L’attaquant Javier Hernández, une des légendes de l’équipe, et le capitaine Andres Guardado se sont joints à la campagne de sensibilisation, via leurs comptes Twitter personnels. « A tous les fans mexicains, ne criez pas “puto” dans le stade. Ne risquons pas de nouvelles sanctions », a, par exemple, écrit « Chicharito » Hernandez.

Ces multiples appels à la retenue font, en effet, face à des sanctions contre la Fédération mexicaine après la victoire contre l’Allemagne. L’instance disciplinaire de la FIFA lui a imposé une amende de 8 600 euros pour des chants « discriminatoires et insultants », assortissant l’amende d’un avertissement qui « peut faire face à des sanctions supplémentaires en cas de nouvelles infractions de ce type ». Une décision qui s’inscrit dans le cadre de politique de « zéro tolérance envers la discrimination » que l’instance du football mondial a instauré pour la Coupe du monde.

Rappels à l’ordre, amendes et bien pire encore

Ce n’est pas la première fois que le Mexique prend une amende pour des cris discriminants. Pendant les matchs de qualification pour cette Coupe du monde, la Fédération mexicaine a été rappelée à l’ordre une douzaine de fois, à chaque fois à cause de ce chant homophobe. Elle a reçu des avertissements pour les deux premiers et des amendes pour les autres, selon le New York Times.

L’approche plus ferme de la FIFA envers les chants homophobes dans les stades date d’après la Coupe du monde 2014 au Brésil. Dans cette compétition, les putos ont été entendus à plusieurs reprises, sans que personne ne s’en émeuve. Depuis, tout le monde, de la FIFA jusqu’aux instances locales en passant par les joueurs, fait campagne pour éradiquer le chant, y compris au niveau local. Des messages comme « Crier “puto” ne te rend pas plus mexicain » ou « le problème n’est pas que tu chantes, c’est le mot que t’utilises » sont apparus dans des matchs du championnat mexicain. Autant de mesures sans effet puisque le chant a bien résonné pour l’entrée en lice du « Tri » en Russie.

Les sanctions, financières jusqu’ici, pourraient devenir plus graves s’il continuait à résonner. Les « sanctions supplémentaires » auxquelles a fait allusion la FIFA pourraient être une perte de points et, si l’instance internationale veut vraiment être implacable, l’exclusion du tournoi, rapporte El Universal. Quant aux individus reconnus coupables de crier le mot interdit, ils seront expulsés du stade et verront leur « Fan ID », qui permet d’assister au Mondial, révoqué.

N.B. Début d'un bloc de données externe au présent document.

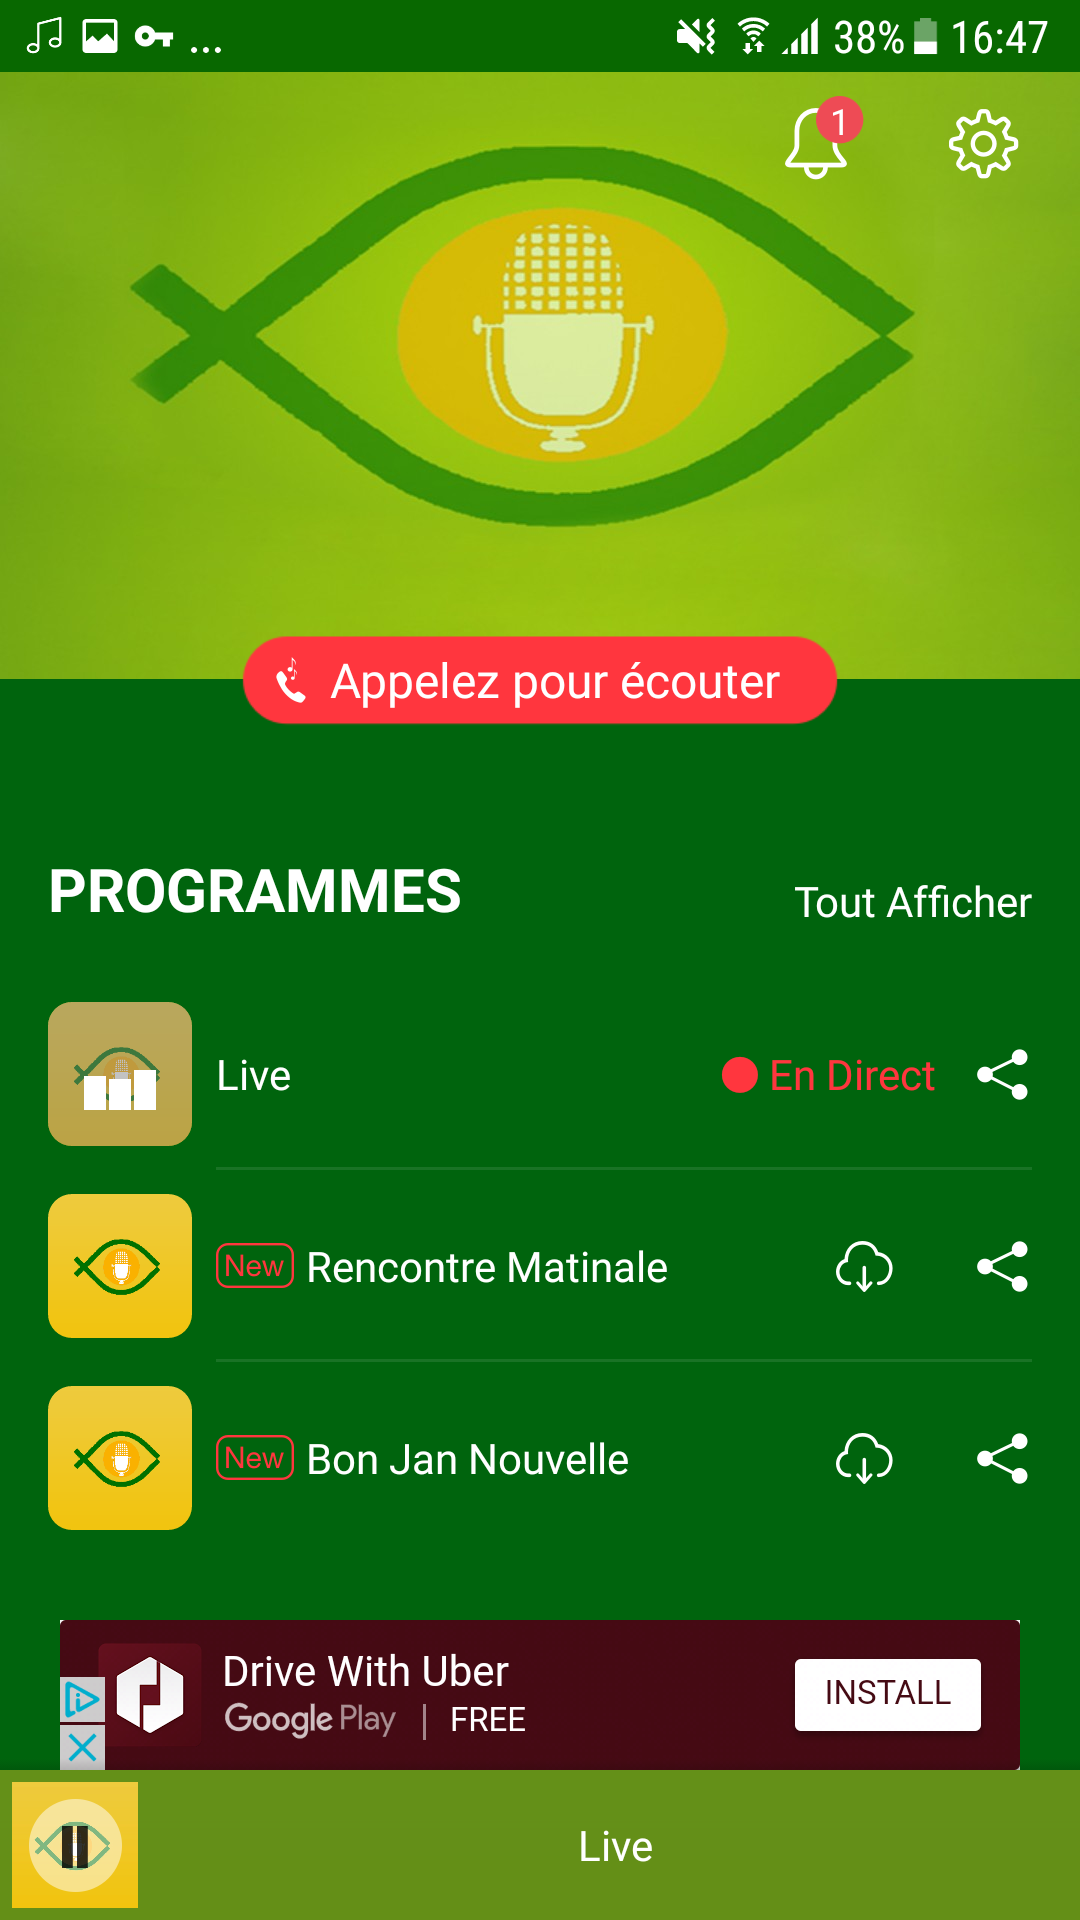 Radio Télé Lumière APK 4.2.3 for Android – Download Radio Télé Lumière APK  Latest Version from APKFab.com

La campagne de sensibilisation est également diffusée par les médias mexicains, et leurs journalistes présents en Russie. Le spectre d’une sanction plus lourde qu’une simple amende semble en avoir fait réfléchir certains, comme ces Mexicains qui promettent de ne pénaliser leur sélection. Ils vont continuer à crier lors du dégagement du gardien adverse, mais ce sera désormais : « Ehhhhhh… Mexico ! »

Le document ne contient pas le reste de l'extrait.